While not necessary, it is desirable to include as part of the liquid
elastomeric polysulfide composition and in the crumb rubber mat,
conventional materials added to roofing to provide fire resistance and
self-extinguishing properties. It is also preferred to add to the liquid
elastomeric polysulfide any material conventionally used to prevent or
minimize ultraviolet degradation. These materials are added in their
conventional amounts and for their usual effect.
The elastomeric polysulfide composites of the instant invention are formed
by simply admixing the desired volume of rubber particles with the liquid
polysulfide and permitting it to cure. These composites can be used as the
top surfaces of sports tracks or playing fields, as sound dampening
surfaces, or as roofing. They will be for that described in connection
with roofing. As used herein, the term "roofing" means the barrier formed
to protect the substrate against the elements.

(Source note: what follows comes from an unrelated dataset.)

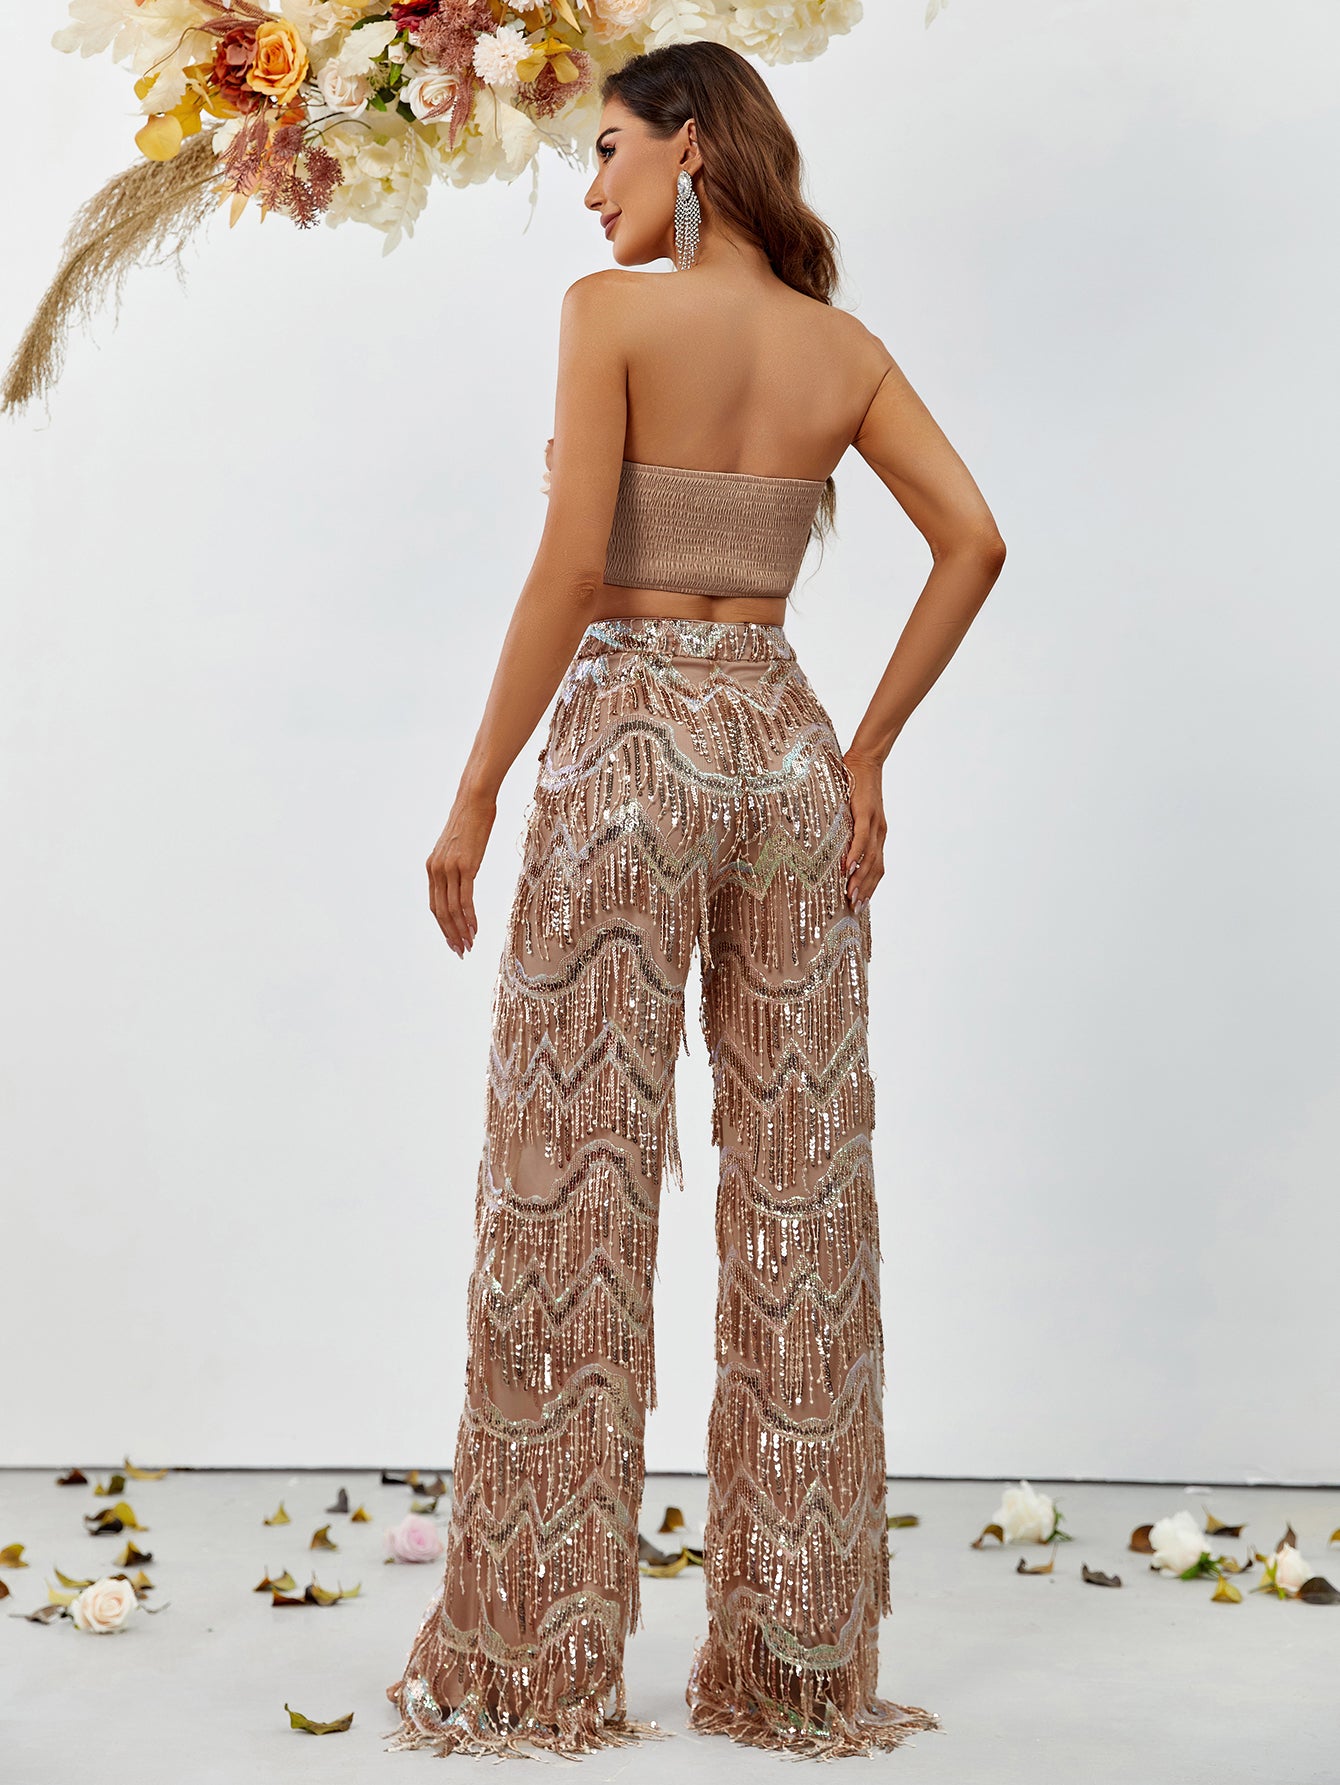 3D Flower Tube Top & Sequin Fringed Pants

The roofing of the instant invention is largely evident from the foregoing
discussion, but reference to the drawings further illustrates the same.
Thus, while shakes, tiles, panels, and other overlapping unit types can be
formed and used, only a shingle (individual overlapping unit) is
illustrated. Also, the method of roofing is illustrated for new
construction and for existing built-up-roofing. Lastly, while it is
preferred to use rubber mats in conjunction with the elastomeric
polysulfide composites, the composite alone can be used in some
circumstances.
First, FIG. 1 shows shingle 10 comprising a crumb rubber mat base 11 with
initial coating 12 of a liquid elastomeric polysulfide containing crumb
rubber particles 13. A sprinkling of crumb rubber particles 14 is placed
over the polysulfide coating and an additional layer 15 of elastomeric
polysulfide applied and crumb rubber particles 16 sprinkled thereover. If
desired, and in order to give shingles any particular colored appearance,
a water-based latex additive or other tinting agent can also be included
as part of the liquid elastomeric polysulfide and crumb rubber. It is
possible to utilize a single layer of the liquid polysulfide rubber with
only the final layer containing the latex in order to give the decorative
color or appearance desired or equally, more than two layers thereof can
be used. Also, the sprinkling of crumb rubber particles can be omitted and
the conventional aggregate or SBR granules tinted to the desired color can
be used on the top coat.
Reference to FIG. 2 again shows a roofing structure 20 in accord with the
present invention and suitable for use on a flat or shed roof in which mat
21 is applied over conventional roof decking 22. While a single mat roll
is shown it is possible to use individual pieces of mat that are placed
against each other. The edges of the butted-together mats are sealed using
conventional self-adhesive or fabric tapes using the elastomeric
polysulfide layer 23 applied as the adhesive. This forms a waterproof seam
and also provides an expansion-type joint. Again, more than one layer of
elastomeric polysulfide can be used and also crumb rubber particles may
also be sprinkled thereover.
FIG. 3 illustrates the utilization of the present invention on an existing
built-up roof 30. The existing gravel and asphalt 31 are removed by the
conventional spud process to expose the decking 32. There is then applied
thereover crumb rubber mat 33, which is adhered to the decking with a
quick set adhesive or the like, the elastomeric coating 34 as described in
connection with FIG. 2. Again more than one layer of elastomeric
polysulfide can be used.
FIG. 4 illustrates a modification of the invention in which a partial spud
is used. Roof 40 is spudded to a depth to remove only gravel 41 thus
exposing asphalt flood coat 42. Crumb rubber mat 43 and elastomeric
polysulfide coating 44 are then applied as discussed above with the fully
spudded roof.
As is known, the liquid elastomeric polysulfide can be applied by spraying,
roller coating, troweling, or by squeegee. It is conventional to regulate
the viscosity of the liquid polysulfide rubber in order to obtain the
viscosity most suitable for each of such application procedures. Such
viscosity adjustment is conventionally made with a typical solvent for the
liquid polysulfide rubber, with the amount of solvent used being that
necessary to obtain the desired viscosity. This can be readily determined
by routine experimentation. Xylene is a suitable solvent, although
acetone, isopropyl alcohol and other known solvents can be used.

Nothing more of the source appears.